| Por:
Lic. José Dahab, Lic. Ariel Minici y Lic. Carmela Rivadeneira
La
primera línea de intervención para el trastorno
de pánico apunta a aliviar de manera rápida
y global los síntomas más molestos del cuadro.
Se trata de un abordaje en crisis que puede ser gruesamente
diagramado en dos grandes pasos. Primero, se le enseña
al paciente la respiración diafragmática o abdominal;
segundo, se le brinda información correcta sobre su
diagnóstico puntual y sobre la ansiedad en general.
Esto último pretende romper con algunos mitos e ideas
erróneas sobre los ataques de pánico, elementos
habitualmente críticos en la etiología del trastorno
mismo. Así pues, la psicoeducación,
en cuanto técnica terapéutica, consiste en corregir
conceptos equivocados acerca de los procesos psicológicos
y sus consecuencias, aportando información nueva, correcta
y coherente con el correr de la investigación científica
actual.
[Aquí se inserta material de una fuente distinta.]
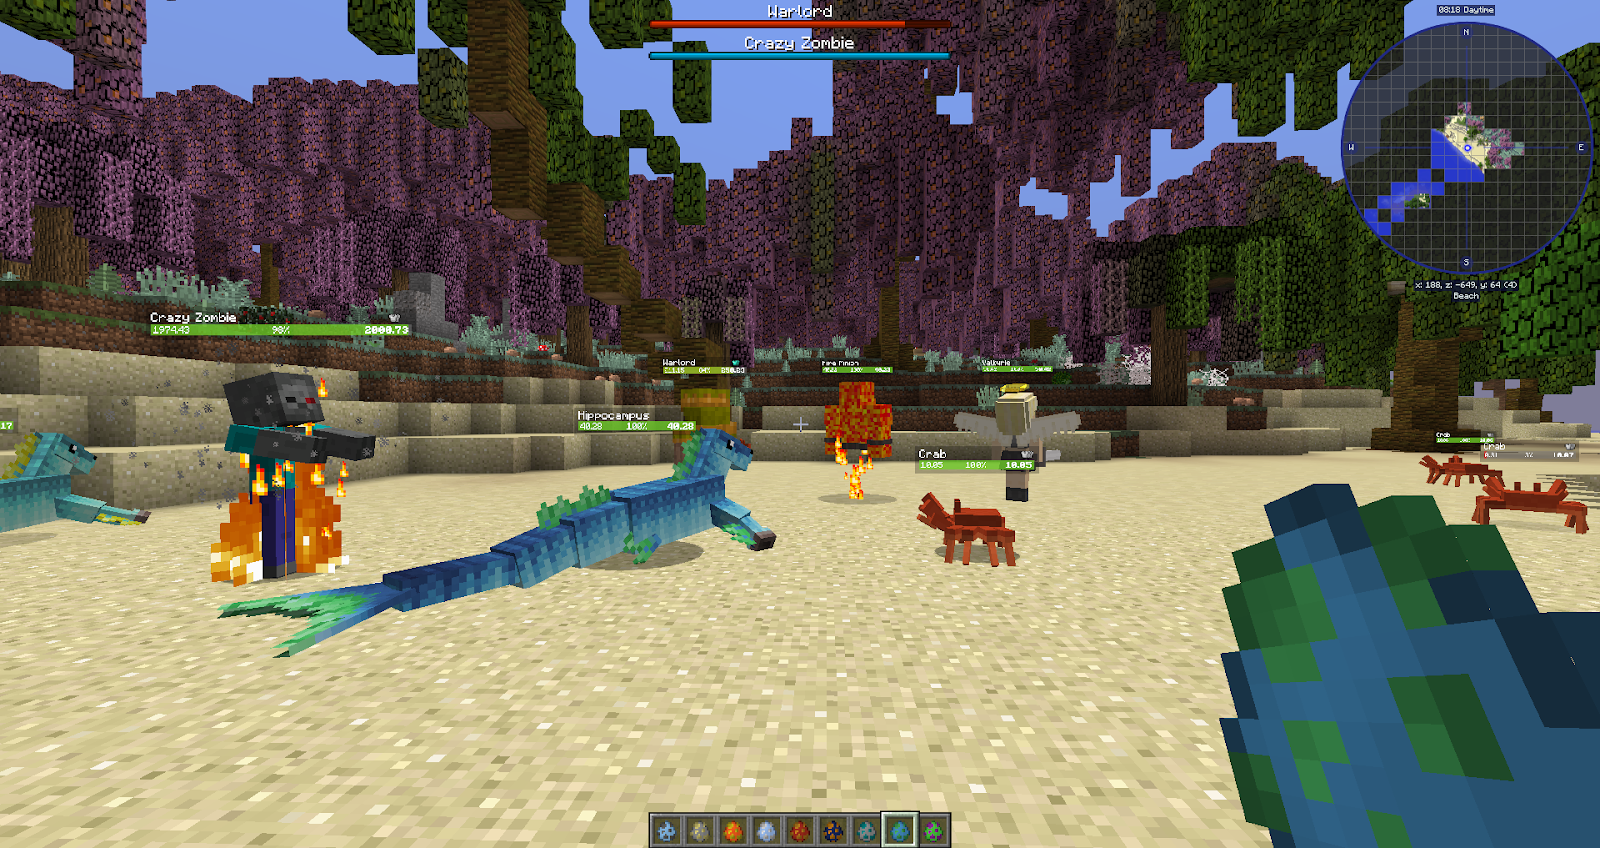 A screenshot from the modpack showing a handful of different creatures including crabs, sea monsters, a witch, and a zombie.

Desarrollamos a continuación los principales
puntos en relación al trastorno de pánico y
la ansiedad.
Desmantelando
algunos mitos sobre los ataques de pánico:
·
Las personas no mueren a causa del pánico; por el contrario,
la aceleración del sistema cardiovascular demuestra
su correcto funcionamiento.
· Dada la fuerte activación de la rama simpática
del sistema nervioso autónomo durante el pánico,
es muy poco probable que ocurra un desmayo.
· La sensación de hormigueo en brazos y piernas
se debe a que la sangre va de la periferia hacia el corazón
para que éste disponga de más oxígeno
y glucosa pudiendo así acelerar su ritmo.
· El dolor en el pecho no posee un origen cardíaco
sino que suele resultar de la tensión del músculo
pectoral, esforzado por la hiperventilación.
· En general, los mareos se deben a la contractura
del músculo que rodea al cuello, el cual se tensa y
presiona sobre las vértebras cervicales, provocando
la sensación de inestabilidad y hasta nauseas.
· La falta de aire suele percibirse cuando hay hiperventilación
(la persona respira rápido, agitado y entrecortado).
En realidad, no falta el aire sino que sobra, ya que no se
elimina correctamente; si se varía el ritmo por medio
de respiraciones pausadas, esta sensación revierte
rápidamente.
· Los síntomas intensos del pánico no
duran más de 10 minutos y no dejan secuelas; sólo
un poco de cansancio similar al experimentado luego de haber
corrido una carrera.
· Durante la crisis, el cerebro activa una alarma pues,
al creer erróneamente que se va a morir, incrementa
el funcionamiento del sistema cardiorrespiratorio; de ahí
las sensaciones tan temidas del pánico.
· La activación fisiológica durante el
ataque de pánico se asemeja a la de correr un colectivo,
subir rápido una escalera, tener relaciones sexuales
o hacer un ejercicio físico cualquiera; la diferencia
radica en que en dichas acciones la persona típicamente
no presta atención a las sensaciones corporales, menos
aún las atribuye a un problema de salud; por lo tanto,
no provocan miedo
Usualmente,
las crisis de pánico revierten en muy pocas sesiones.
Ahora bien, el diagnóstico de trastorno de pánico
es diferente al de ataque de pánico. El trastorno de
pánico contiene como su principal característica
la preocupación permanente por volver a experimentar
un ataque de pánico. En otras palabras, la persona
queda temerosa ante la posibilidad de aparición de
nuevos episodios de pánico, aunque éstos ya
no vuelvan a ocurrir nunca más. El trastorno de pánico
acostumbra presentarse en la mayoría de pacientes que
han padecido crisis de pánico y su remisión
conlleva un trabajo terapéutico más prolongado.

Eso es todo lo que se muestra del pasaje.